Il quadro prospettato da von der Leyen vede un’Europa «primo continente a impatto climatico zero del mondo entro il 2050», con un Green Deal nei suoi primi 100 giorni, la prima «legge europea sul clima», un grande piano d’investimenti pluriennali, una «banca climatica europea» (all’interno della BEI), un adeguato «carbon pricing» e una conseguente «imposta sul carbonio alle frontiere». Un’Europa che intende fare il massimo uso della flessibilità prevista dal Patto di Stabilità e Crescita, introdurre uno «strumento di bilancio per la convergenza e la competitività della zona euro», battersi per una tassazione equa, a partire dai giganti del digitale, investire per «sfruttare le opportunità dell’era digitale in un contesto che garantisca la sicurezza e rispetti l’etica». Un’Europa in cui il Pilastro europeo dei diritti sociali viene rafforzato definendo un quadro europeo per il salario minimo e un «regime europeo di riassicurazione delle indennità di disoccupazione», migliorando «Garanzia giovani» e introducendo una «Garanzia per l’infanzia».

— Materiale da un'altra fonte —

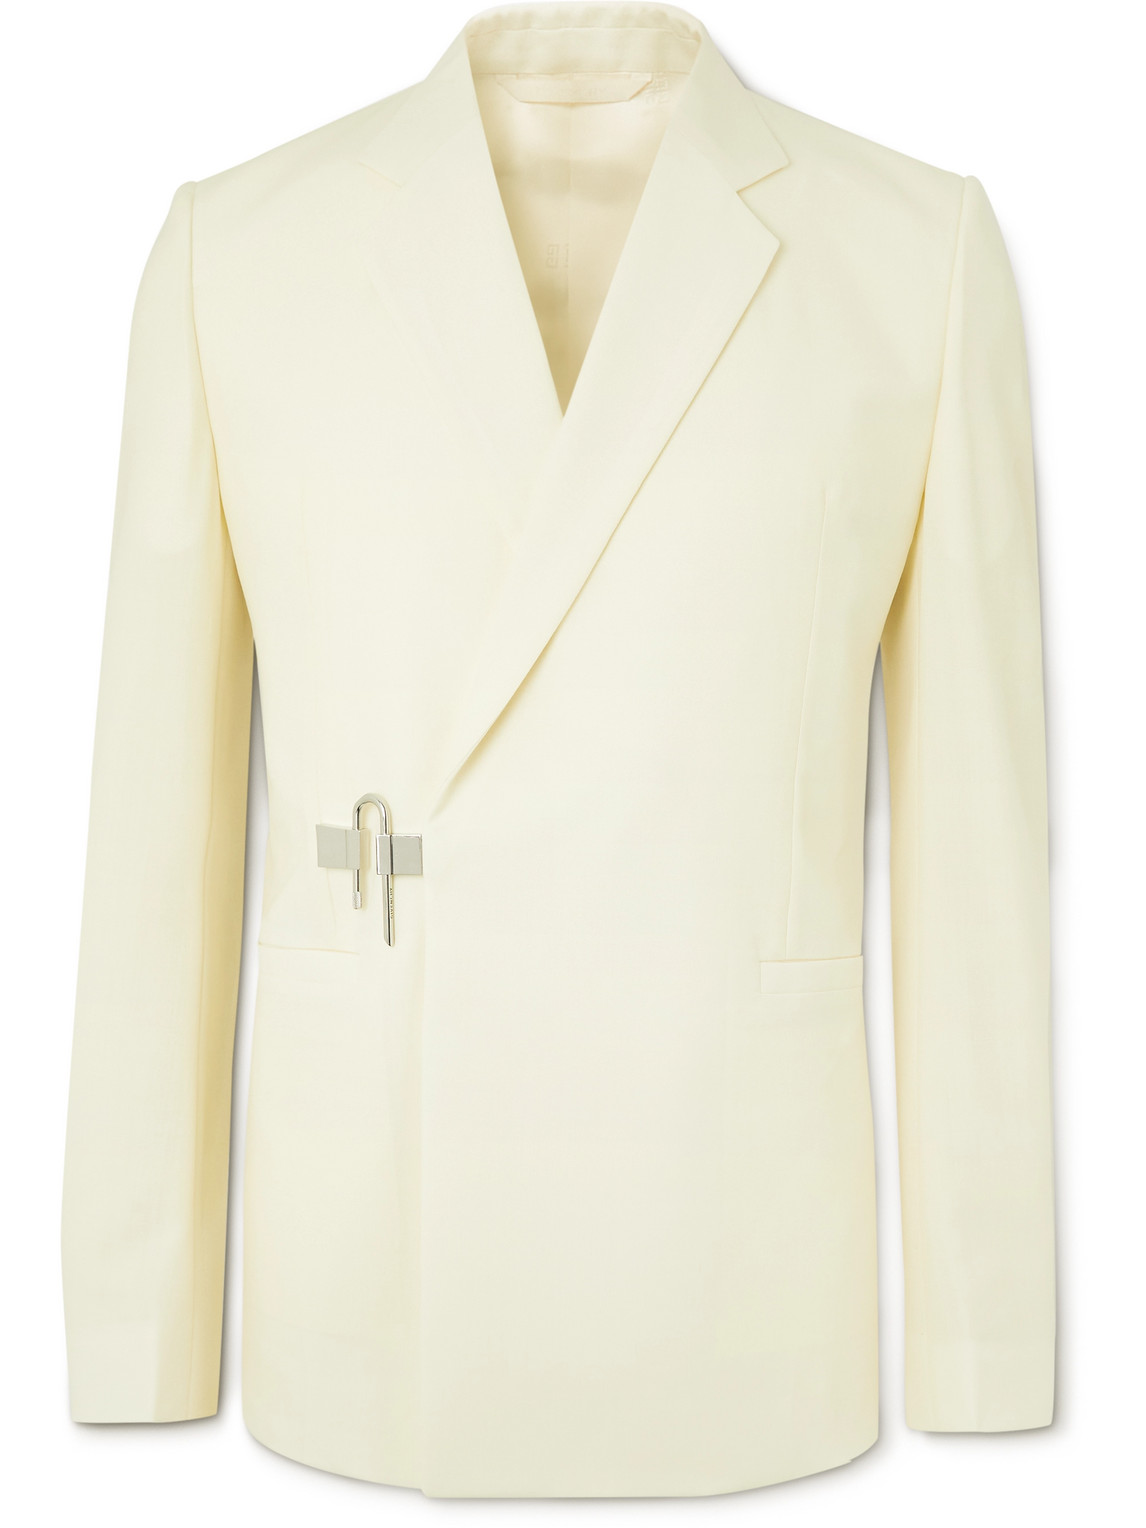 GIVENCHY SLIM-FIT WOOL AND MOHAIR-BLEND BLAZER

Sul piano dei diritti, la Presidente si impegna a combattere ogni discriminazione, a «non accettare alcun compromesso» sul rispetto dello Stato di diritto e a prevedere un «meccanismo europeo» per la sua protezione. Per quanto riguarda le migrazioni, sottolineato che «in mare vige il dovere di salvare vite umane», intende lavorare per ritornare ad uno spazio Schengen «pienamente funzionante», un «rafforzamento dell’Agenzia europea della guardia di frontiera e costiera», un effettivo «sistema europeo comune di asilo». Nel campo della sicurezza, von der Leyen – per oltre cinque anni ministro della difesa in Germania – ribadisce che «la pietra angolare della nostra difesa collettiva sarà sempre la NATO. Resteremo transatlantici e dobbiamo diventare più europei. Ed è per questo che abbiamo creato l’Unione europea della difesa». Colpisce il peso relativamente scarso dato agli impegni che l’Europa dovrebbe assumere verso il continente africano, anche se negli «Orientamenti» si fa riferimento a «una strategia globale sull’Africa».

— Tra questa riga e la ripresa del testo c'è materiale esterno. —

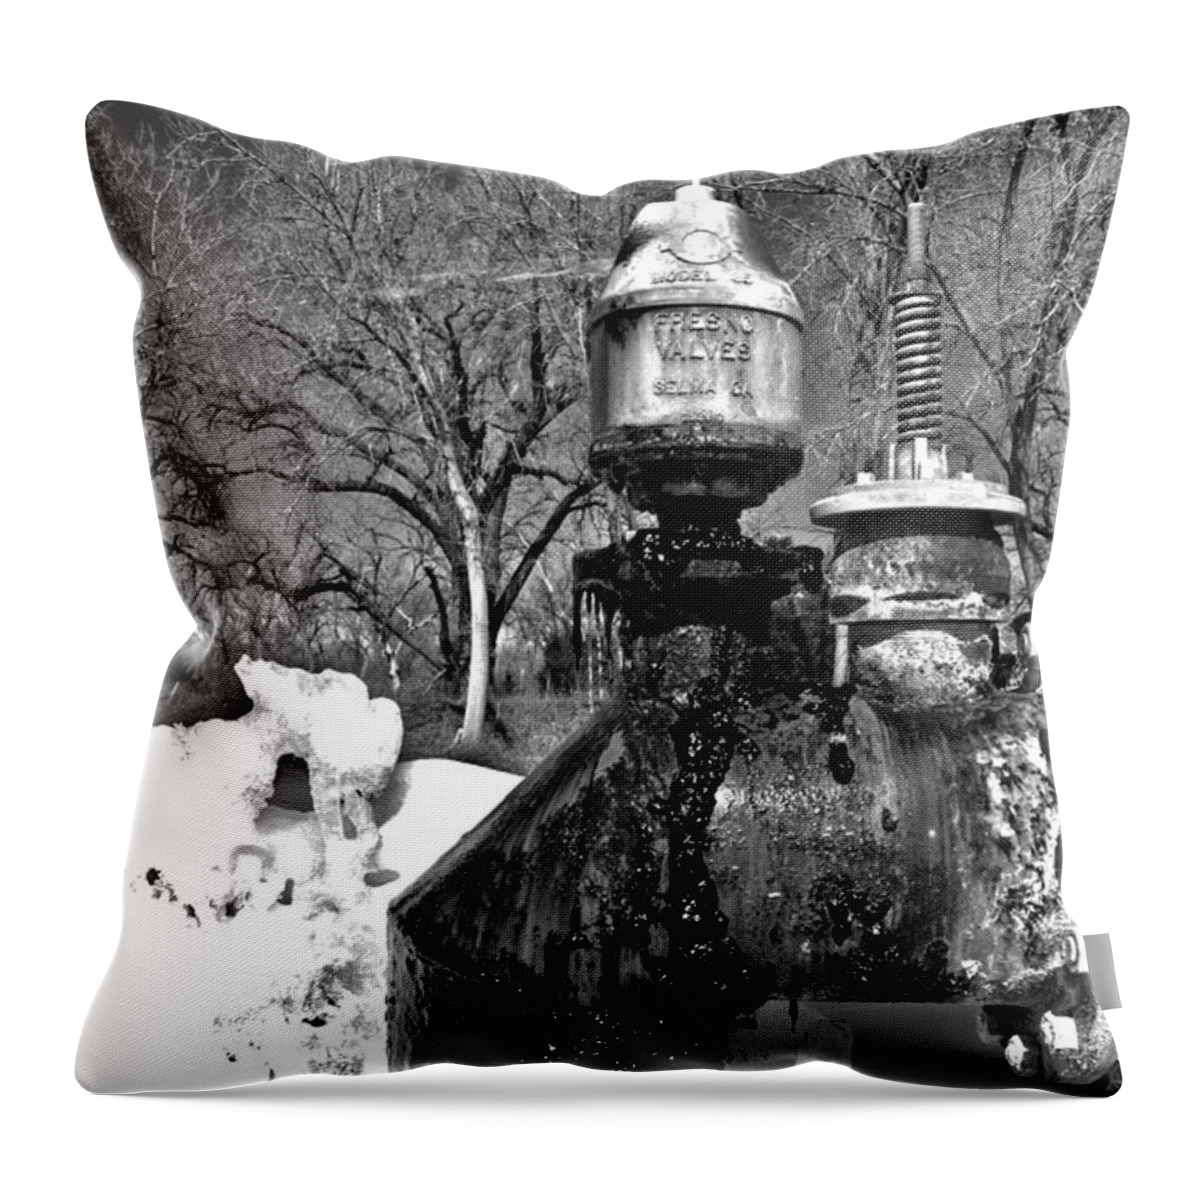 Sludge Throw Pillow featuring the photograph Sludge by Shane Bechler

Di fronte a questo ampio programma le forze politiche europee hanno espresso le loro legittime valutazioni e hanno pronunciato – a scrutinio segreto (forse non la via migliore per unire responsabilità e trasparenza) – dei Sì e dei No di peso: vale per il sostegno alla candidata Presidente da parte di PPE, Renew Europe, larga parte dei S&D e anche del M5S, così come per il voto contrario dei Verdi, della sinistra radicale, dei sovranisti (Lega inclusa) e dei conservatori (PiS polacco escluso). Rimane il dubbio che talune scelte europee siano ancora condizionate da scenari e tensioni nazionali (valga per tutti il caso della Germania), ma anche questo è indice e parte di un processo in divenire.

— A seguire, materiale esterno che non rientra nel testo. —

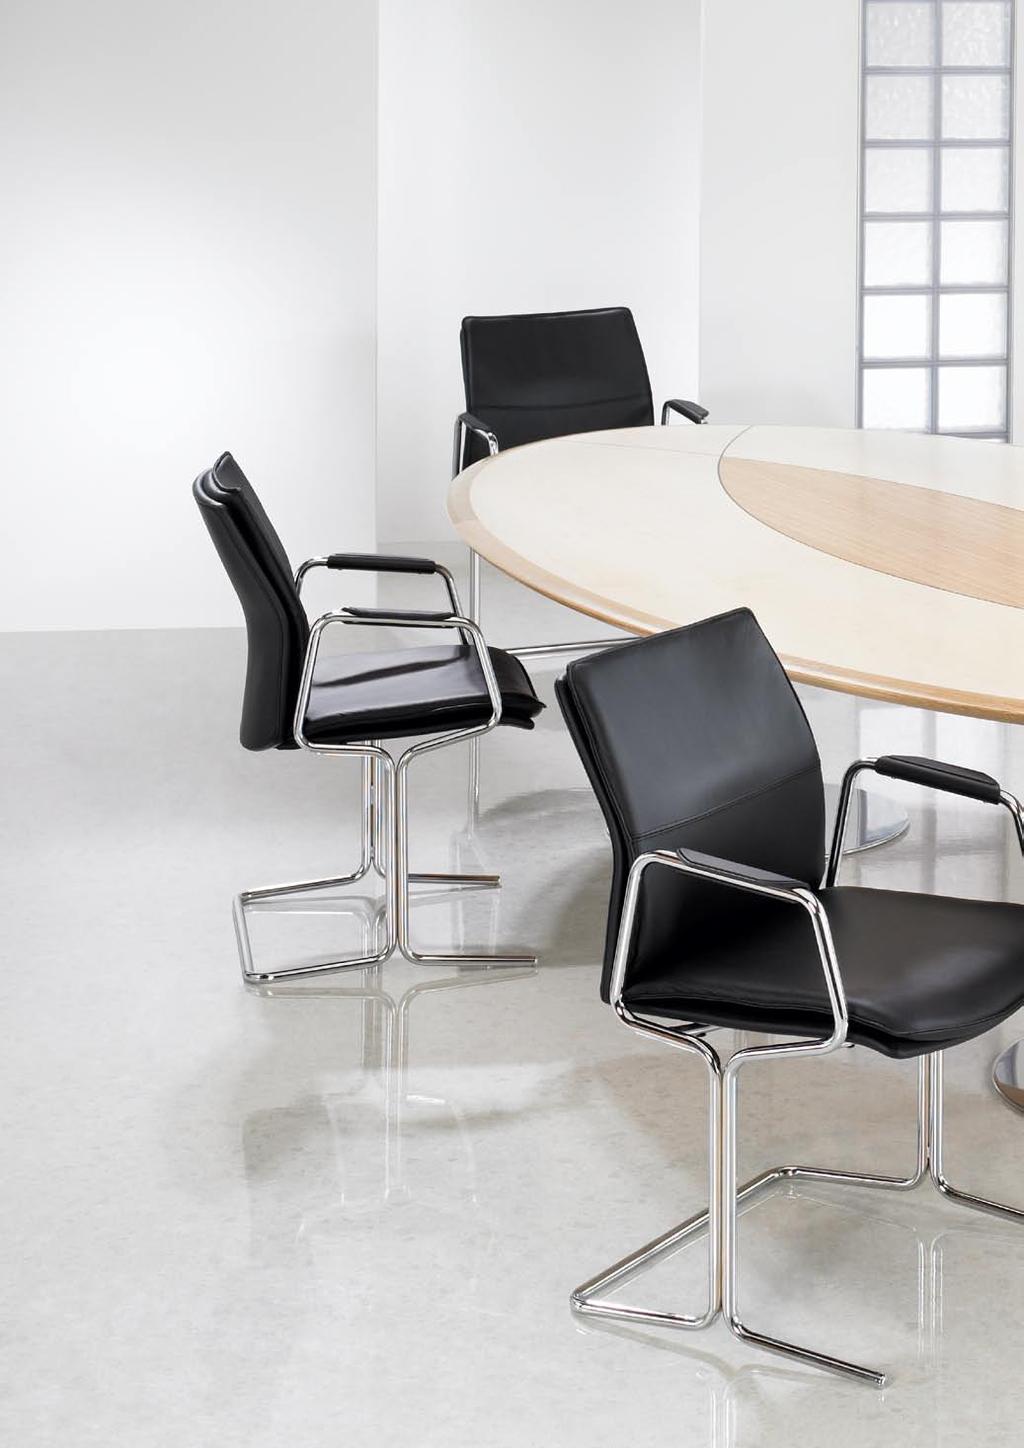 Executive AND CONFERENCE Chairs HBB The HBB series comprises executive and conference seating of the highest quality.

Un Parlamento frammentato ha dato origine a una maggioranza risicata. Sulle decisioni nel corso della legislatura saranno certo possibili maggioranze diverse – difficile, ad esempio, che i Verdi rimangano insensibili a una «legge europea sul clima» adeguatamente strutturata. Ma il punto di fondo è che quello presentato dal/la candidato/a Presidente della Commissione dovrebbe diventare un programma di coalizione, discusso per tempo, coinvolgendo chi rappresenta gli Stati e chi rappresenta i cittadini e avendo i partiti politici europei quale loro luogo di raccordo. Solo così le potenzialità democratiche del sistema troveranno un punto di equilibrio dinamico, a beneficio degli elettori. I partiti politici europei hanno davanti un quinquennio per strutturarsi e prepararsi alla nuove sfide. Nel 2024 non saranno possibili scuse o recriminazioni.